Moving on, last blog I talked about procedural generation for objects in the world. As it stands, I am still considering this approach for placing trees, rocks, and other obstacles at random, but I don’t know that I will use it to place the in game tiles. I found a video of how to place walls, which of course wouldn’t be a random placement, but overall tile placement took a backseat when I started working with mower physics. If need be I can manually place tiles in the map. Manual placement will actually earn me just as much freedom as programmatic placement. As a matter of fact, manual placement is more visual for me which helps reduce the amount of times code needs to be tweaked. The trade off is that I won’t know exactly how many tiles I placed, and I may need to count them manually as well. If this is the route I take, I have a strategy to place one tile, which I will clone. I then will copy both tiles at once, and clone them. I plan to continue doing this until I create the desired size map and thus I can know how many tiles. based upon the number of “clones”. Lets be honest, I mean just copy and paste a grouping of tiles over and over again.

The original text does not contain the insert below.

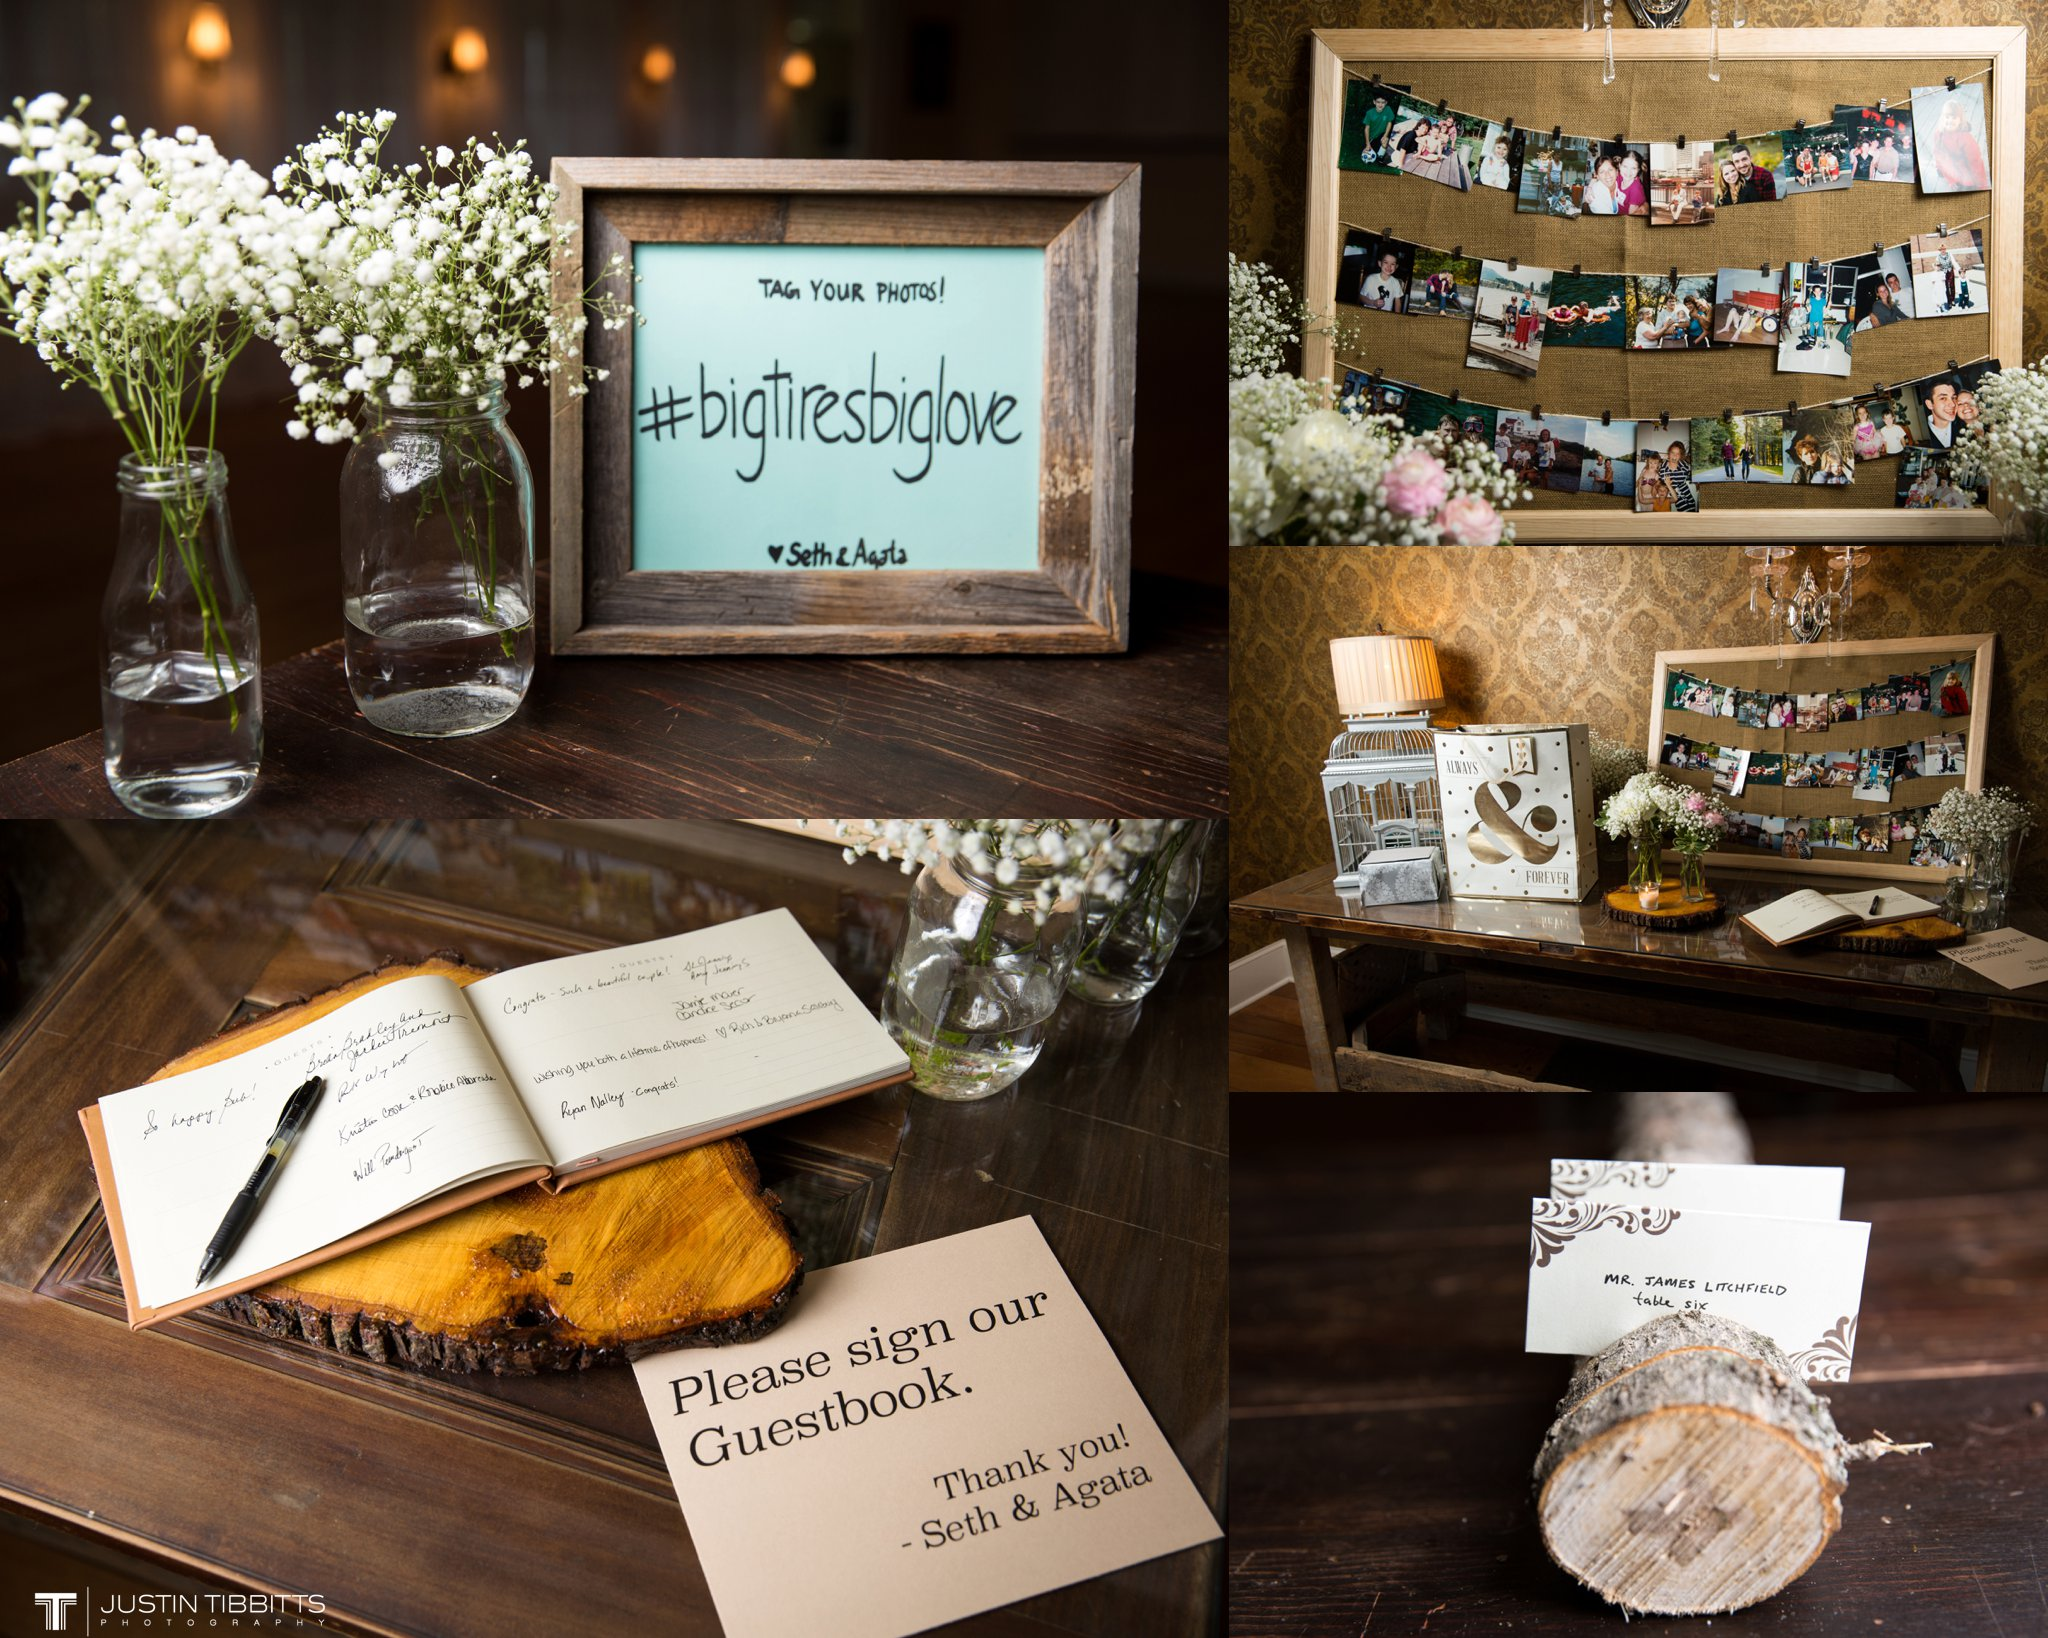 crooked-lake-house-wedding-photos-with-agata-and-seth_0114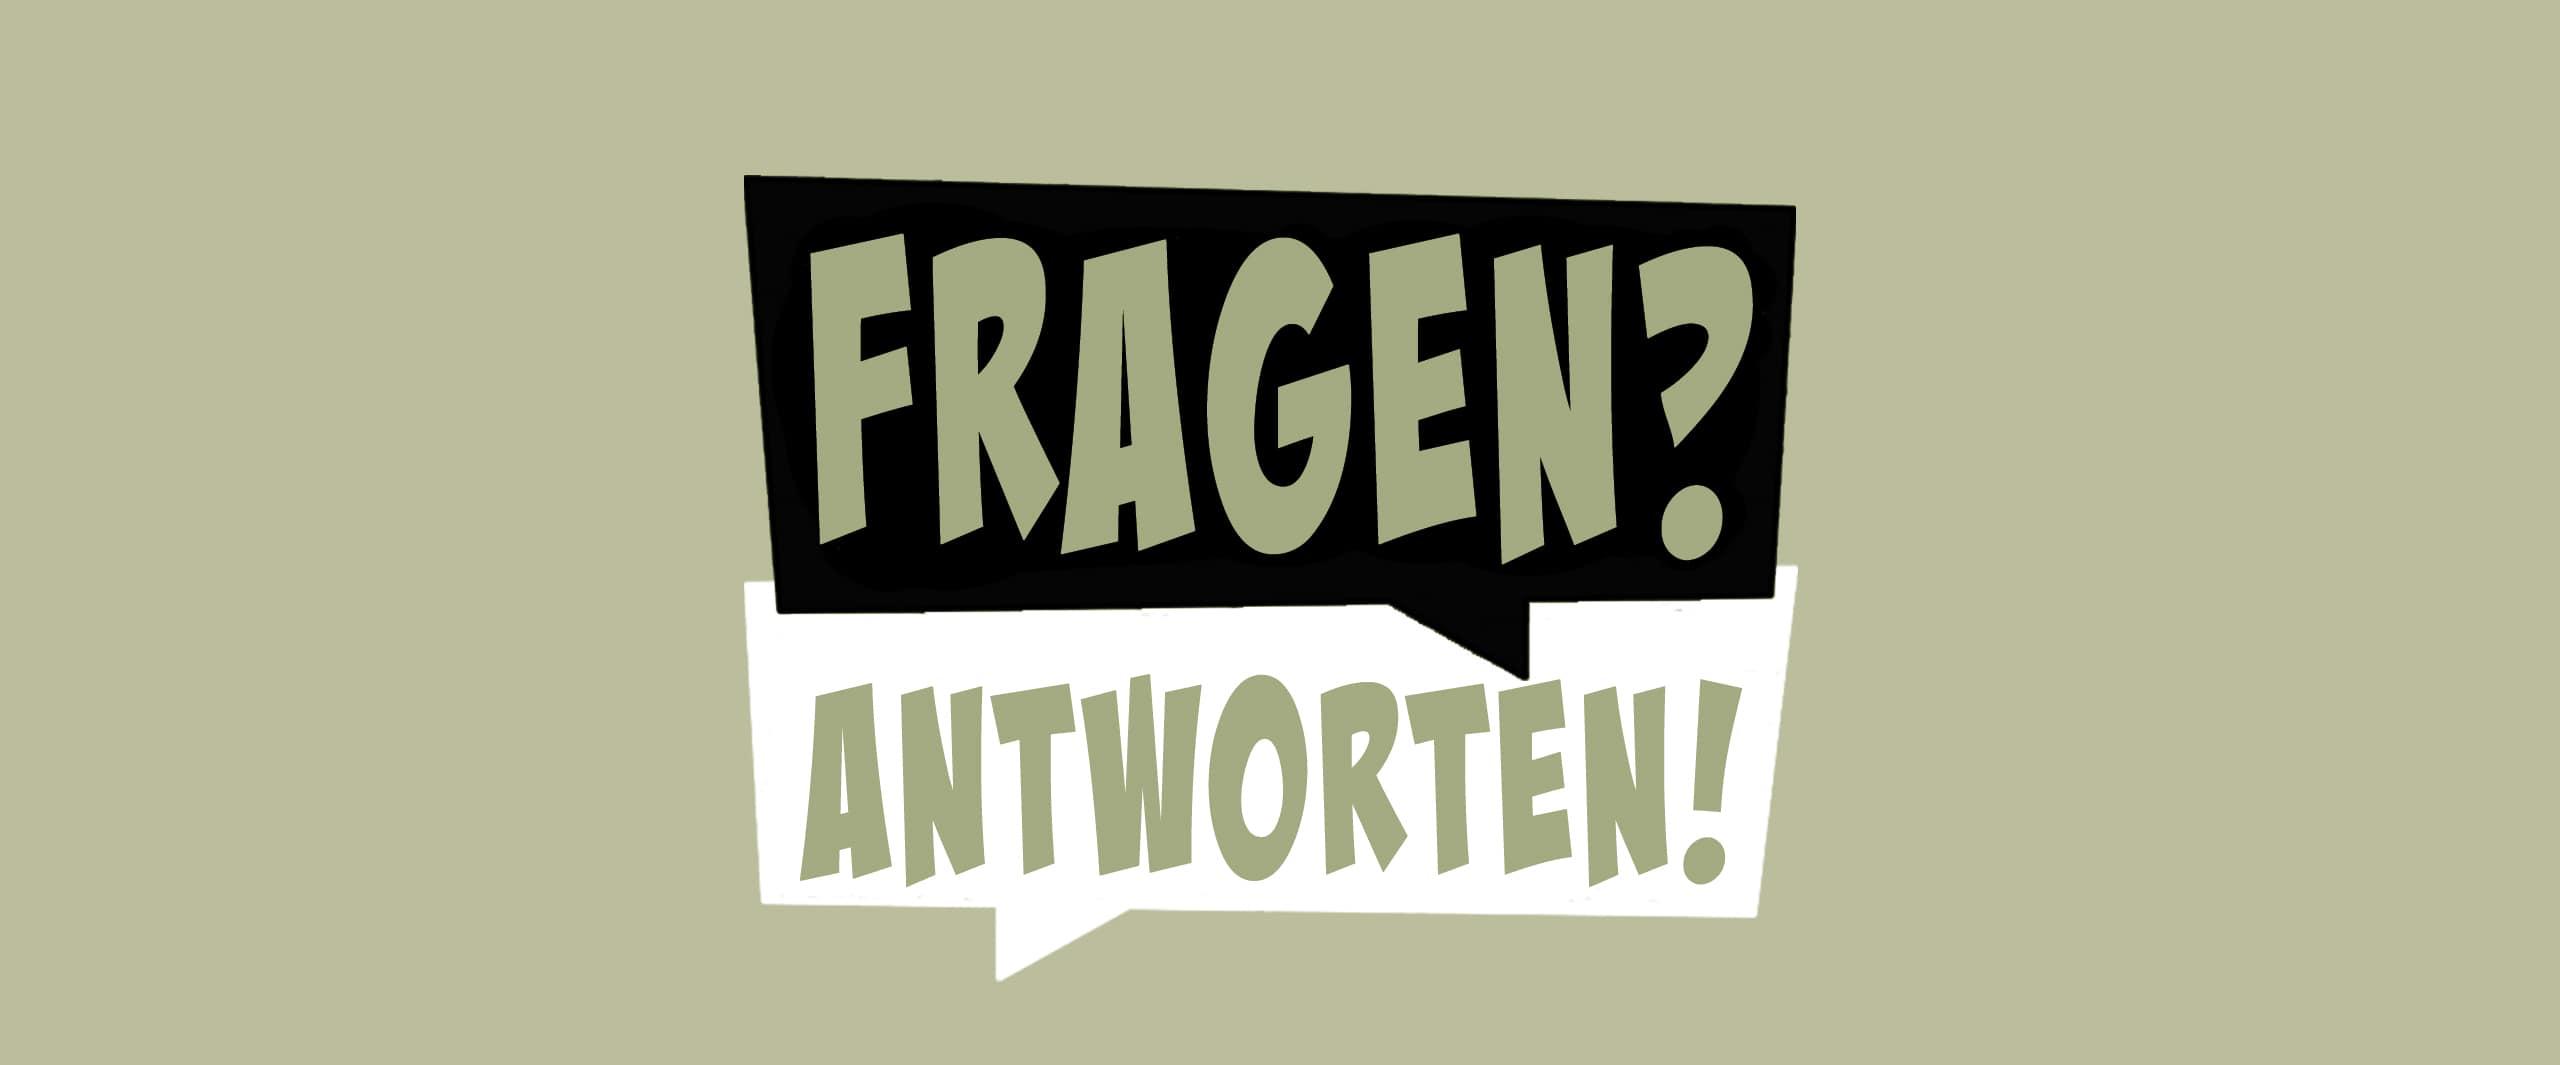 faq antworten Produkten plankton holland

Meshes are another topic that I have put thought into, but of course, I haven’t really had time to make a lawn mower mesh. Keeping that in mind, I did find this really nice dune buggy in the Unreal Assets that they offer with their prebuilt offroad simulator. I might re-texture the dune buggy and drive that around.

I am hoping that I will have some new pictures up in the very near future. I at the least plan to add a picture of my working environment to the gallery. I am using my TV as a second monitor and it is driving my roommate nuts since the screen resolution doesn’t perfectly align. Thus some of the screen is cut off. At some point, I may also add a screenshot with a snippet of my code and/or the engine itself.